▸ **DATASET SECTION**:
:::::

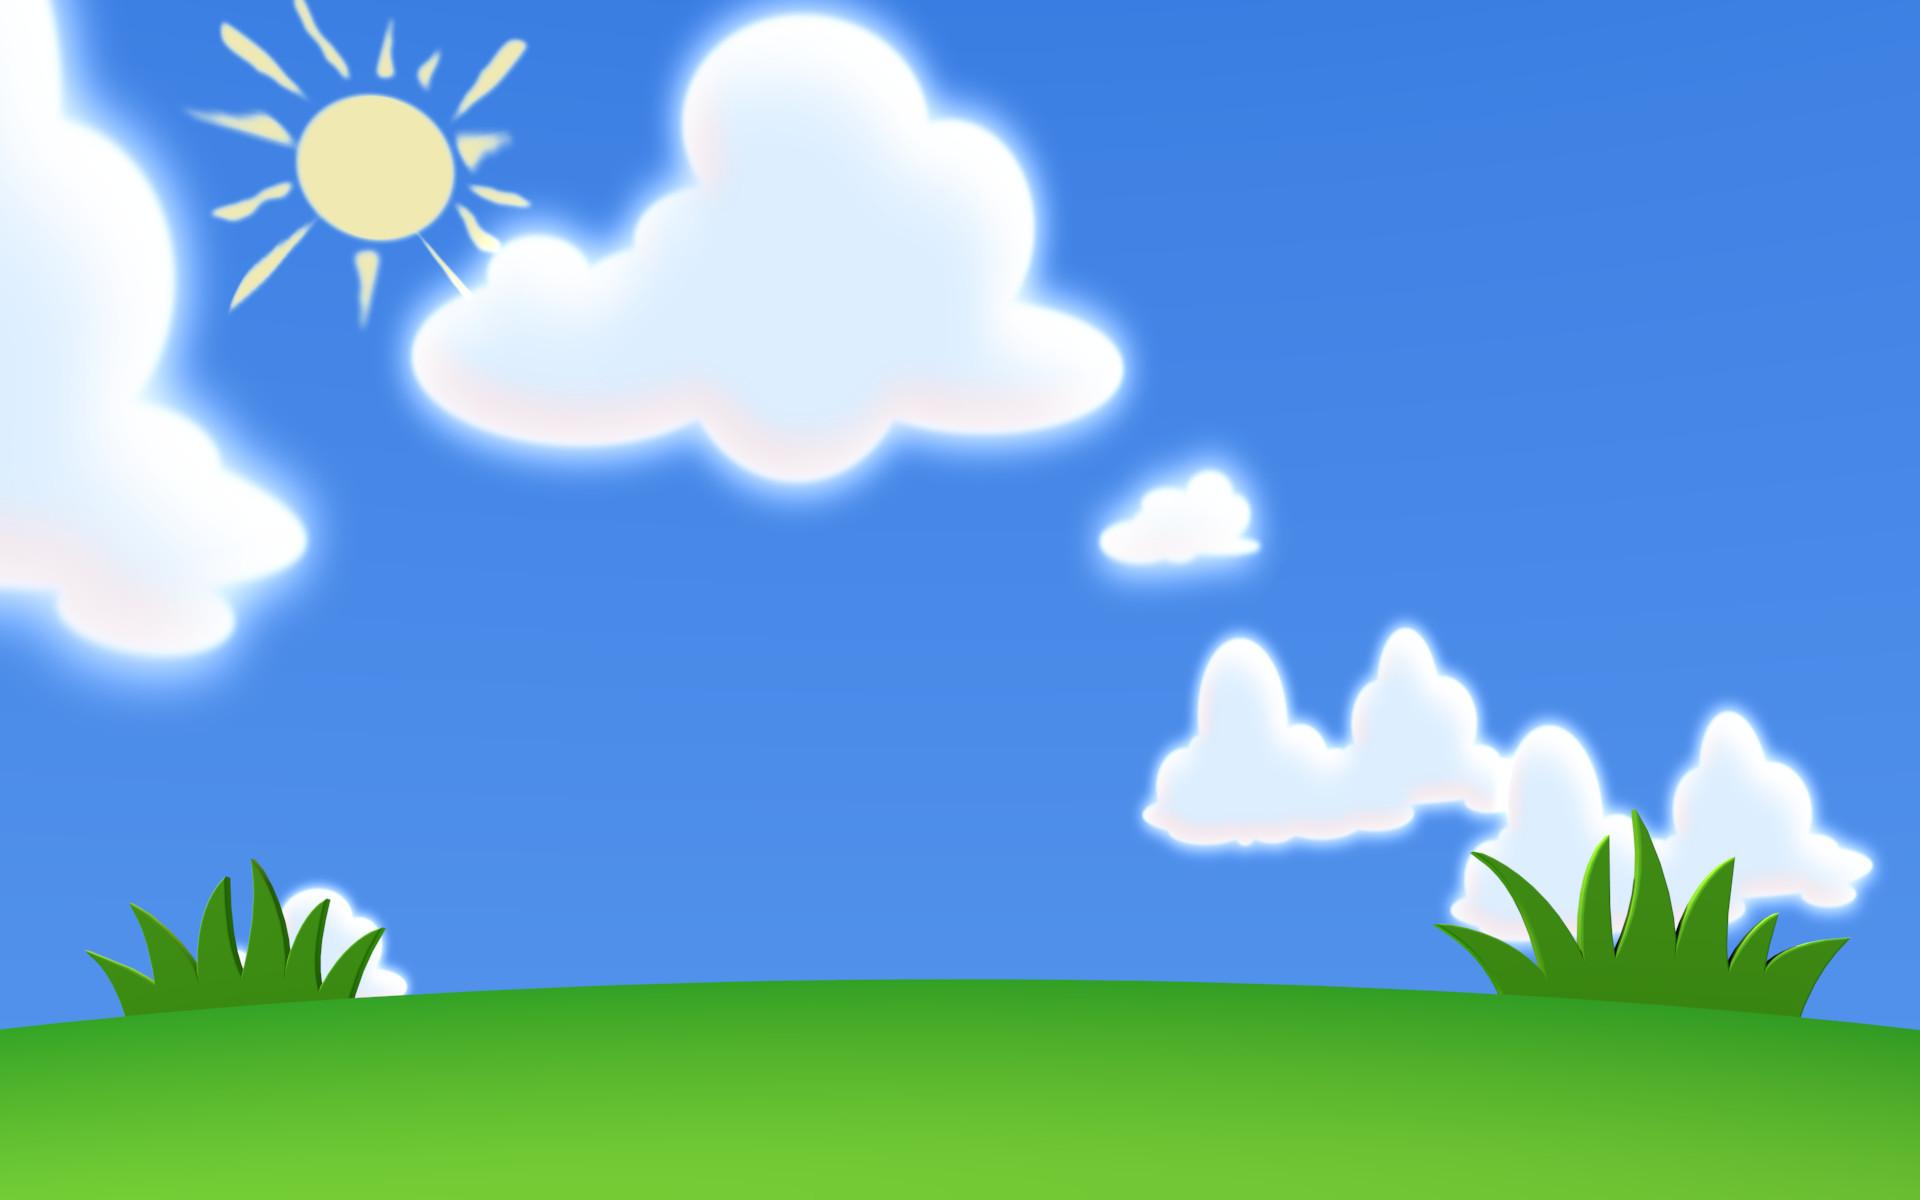 pin Cloud clipart sky #14
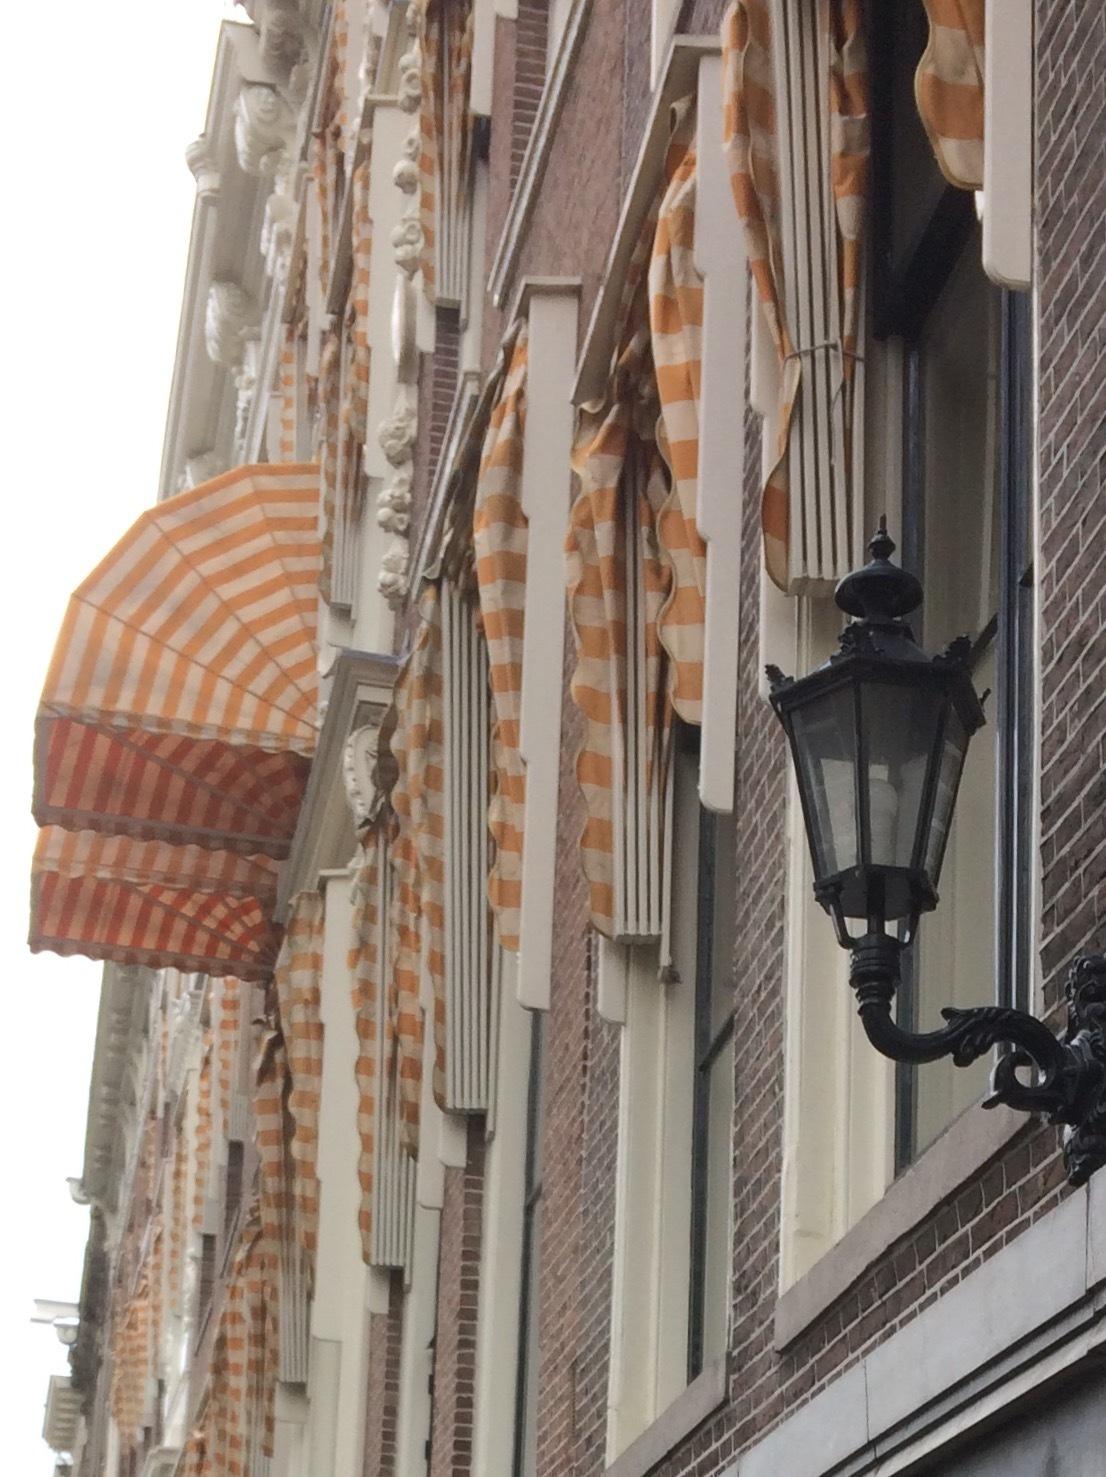 Amsterdam façades by Silvia Mengotti
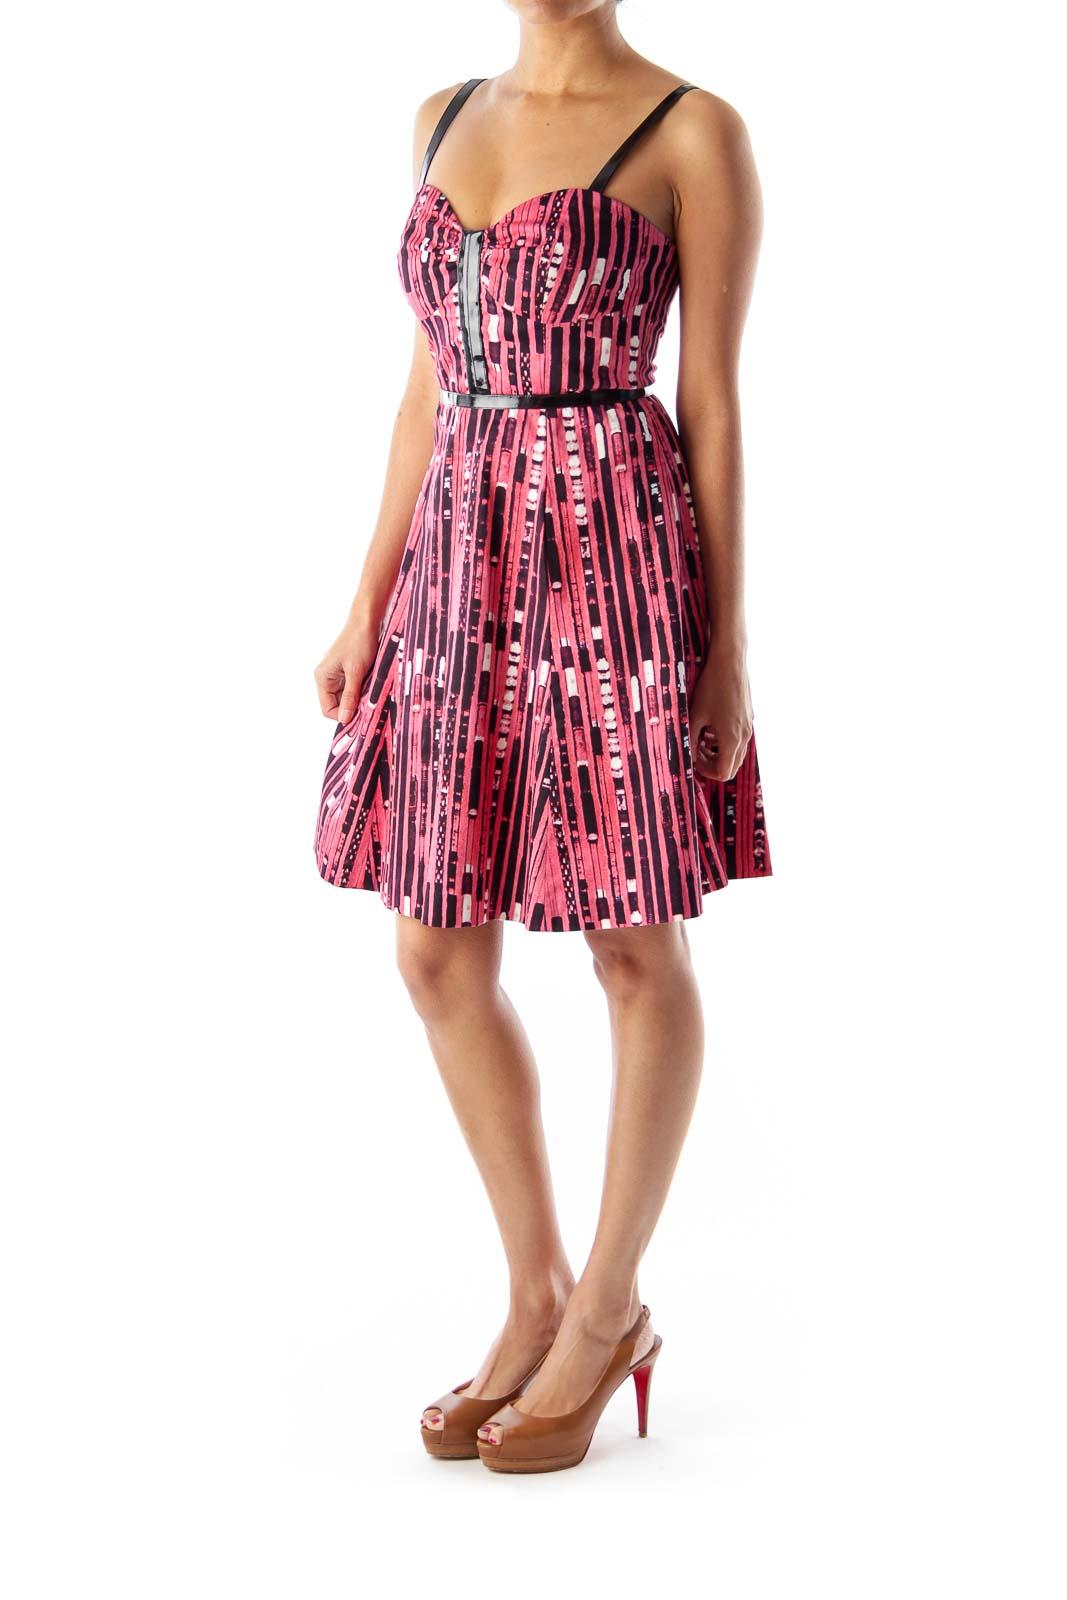 Pink & Black Print Dress
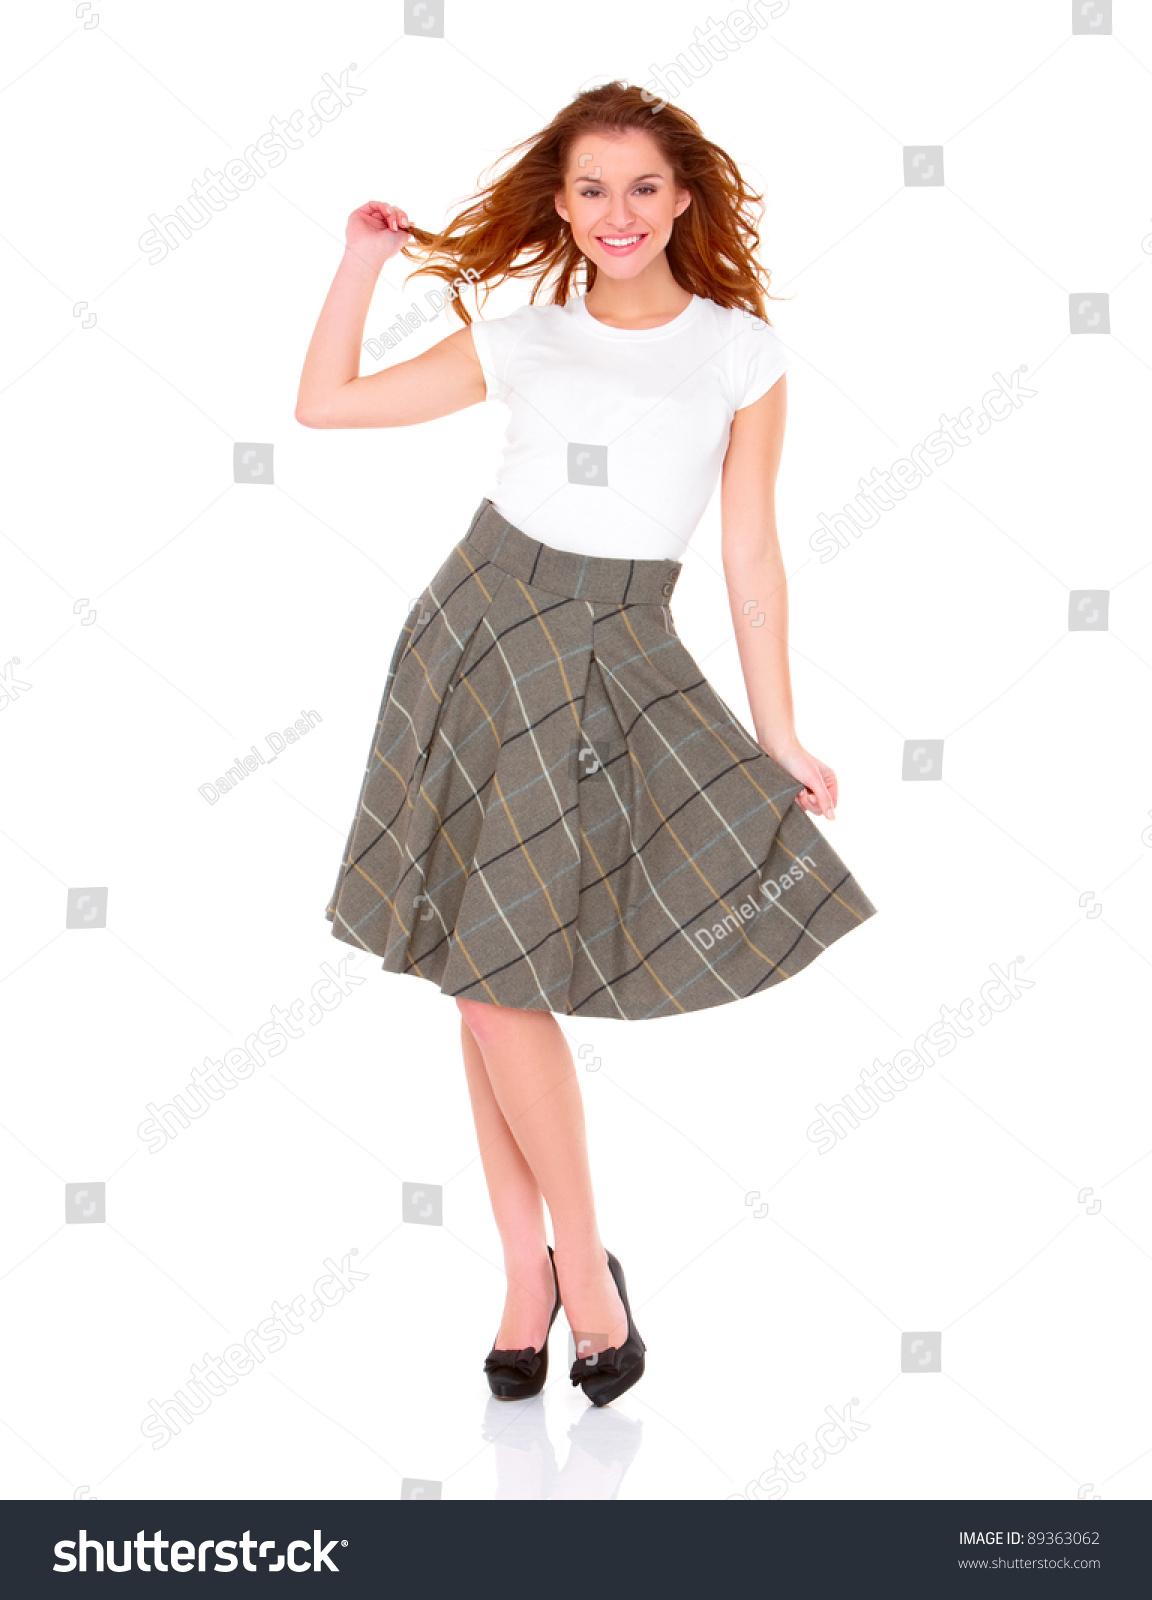 Beautiful Young Woman Wearing Skirt On Stock Photo 89363062 ...

:::::

▸ **REQUIRED ACTION**: Your answer must be an exact copy of the lines from the line with "Amsterdam façades by Silvia Mengotti" to the final line of the data, both ends included, and no pictures.

▸ **ANSWER TO THIS PROBLEM**:
 Amsterdam façades by Silvia Mengotti
 Pink & Black Print Dress
 Beautiful Young Woman Wearing Skirt On Stock Photo 89363062 ...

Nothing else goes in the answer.